To demonstrate the flaw, Ormandy's bug report included a proof-of-concept exploit that would allow a remote attacker to uninstall the Trend Micro Maximum Security 10 software.
Just working on my Trend Micro exploit. pic.twitter.com/XQXN7hjHEt
Trend Micro quickly confirmed the flaw to Ormandy, and began releasing patched software just two days later.
Ormandy's published correspondence with the security firm, however, sees him sounding increasingly exasperated with the quality of its code. "I'm still concerned that this component exposes nearly 70 API's (!!!!) to the Internet, most of which sound pretty scary. I tell them I'm not going to through them, but that they need to hire a professional security consultant to audit it urgently," he wrote in an update to his bug report on Jan. 7.
The next day, however, Ormandy said he'd begun going through the APIs and found several additional problems, including a way to remotely steal any passwords being stored in the password manager, using the now patched flaw he'd reported to Trend Micro. "To be clear, you can get arbitrary code execution whether they're using it or not, but stealing all the passwords from a password manager remotely doesn't happen very often, so I wanted to document that," he said.
Reaction to the news of the remote code execution vulnerability from many members of the security community - such as penetration testing expert Chris Rohlf, who's part of the Black Hat conference paper-review team - was that yes, even security products sometimes have critical security flaws.
If you're shocked by a trivial RCE in Trend Micro then you're probably new to this.
Intel Security Patches MAC
Of course, security software is often the focus of researchers' efforts, and they may issue bug reports as a result. For example, security consultant René Freingruber at SEC Consult Vulnerability Lab in Vienna on Jan. 12 published a paper detailing how Intel Security's McAfee Application Control software - widely used to secure critical infrastructure systems - could be bypassed. Freingruber said he identified ways in which social engineering and memory corruption could be exploited to bypass protection mechanisms built into the code.
But Intel Security spokesman Chris Palm tells me that the security firm doesn't believe users are at risk. "Upon learning of the researchers' concerns last summer, we promptly investigated the scenarios posed," he says. "We concluded that customers following our standard deployment configuration guidance are protected from these scenarios."
Separately, however, a medium-severity flaw was found in McAfee Application Control version 6.1.0, before build 706, 6.1.1, which on Jan. 12 was designated as CVE-2016-1715 by the U.S. National Vulnerability Database. McAfee has confirmed that flaw and released an update that patches the vulnerability.
How Should We Judge Security Vendors?
That's not to pick on Intel Security, but rather to show a partial week in the life of a security vendor: bug reports, related internal investigations and oftentimes, the release of a patch (see Fortinet Refutes SSH 'Backdoor' Report).
Of course, that process begs this question: Beyond employing top-notch software engineering practices, what should security vendors do about flaws in their security products' code base, no matter how they get there?

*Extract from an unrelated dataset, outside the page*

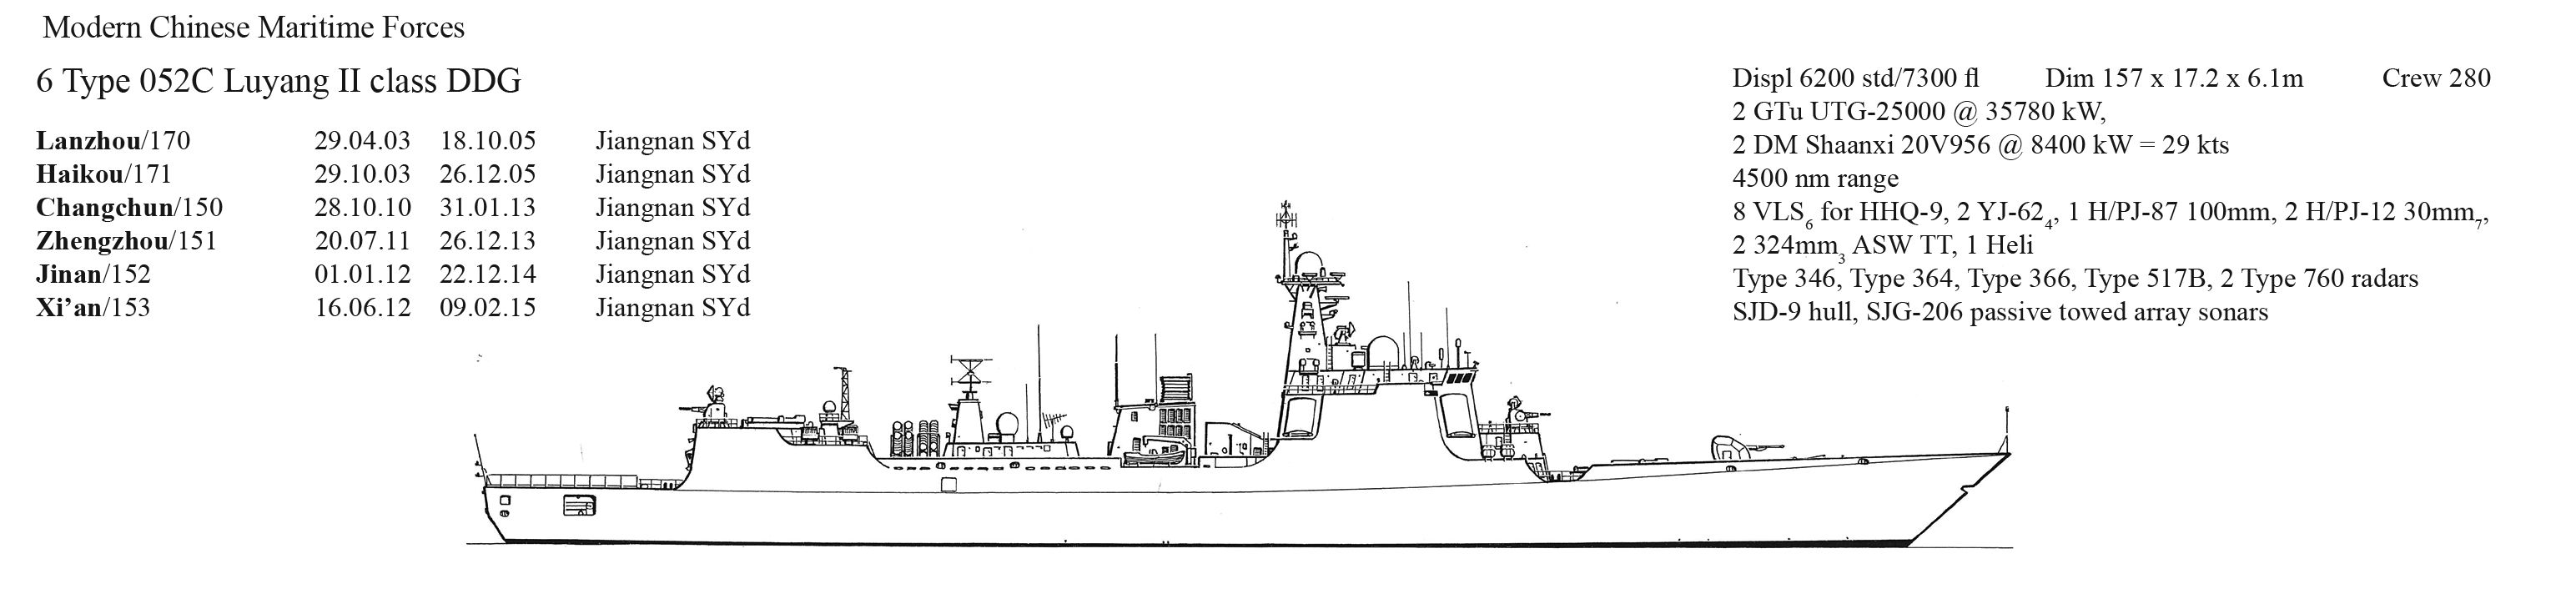 MCMF Data for the Type 52C DDG
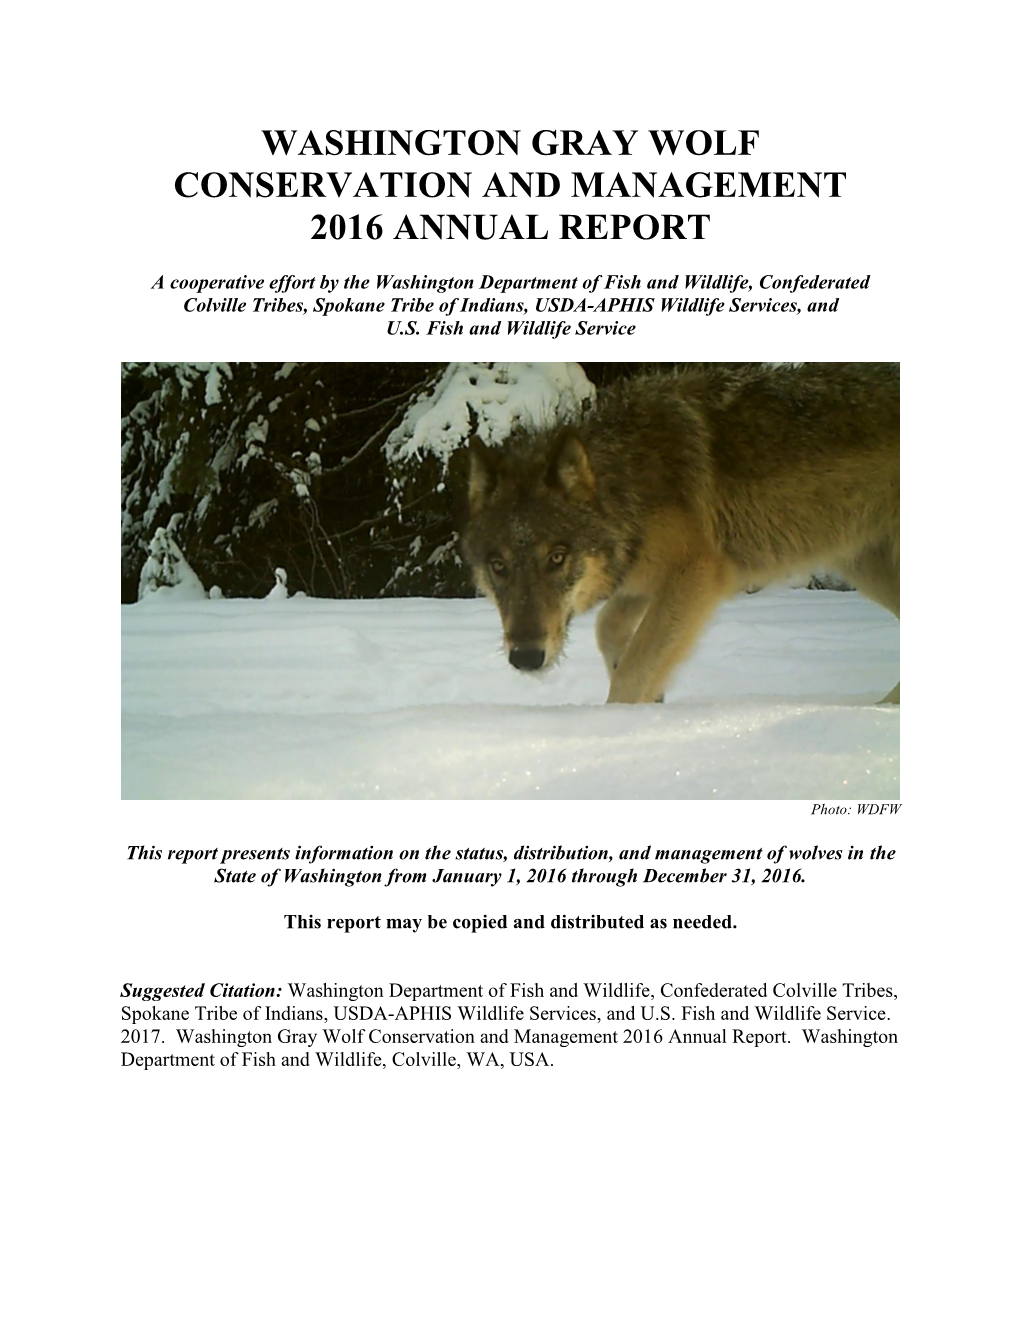 Washington Gray Wolf Conservation and Management 2016 Annual Report

"It's certainly true to say that all software suffers from vulnerabilities - the real measure of an organization is how they engage with those vulnerabilities that are reported, how open they are with the entity making the report and how rapidly they can mobilize to get a fix in place," Trend Micro's Ferguson says. "Honesty, transparency and alacrity are key, and I'm proud to work for an organization that clearly displays all three."
In an ideal world, of course, it would be great if security vendors - stripped of time-to-market pressure, developers having a bad day and other concerns - brought ninja-level software and security engineering practices to bear on every product they developed, acquired or released. Pending such halcyon moments, however, and irrespective of feature testing by independent labs, "honesty, transparency and alacrity" seems like the collective next-best benchmark for which we'll have to settle.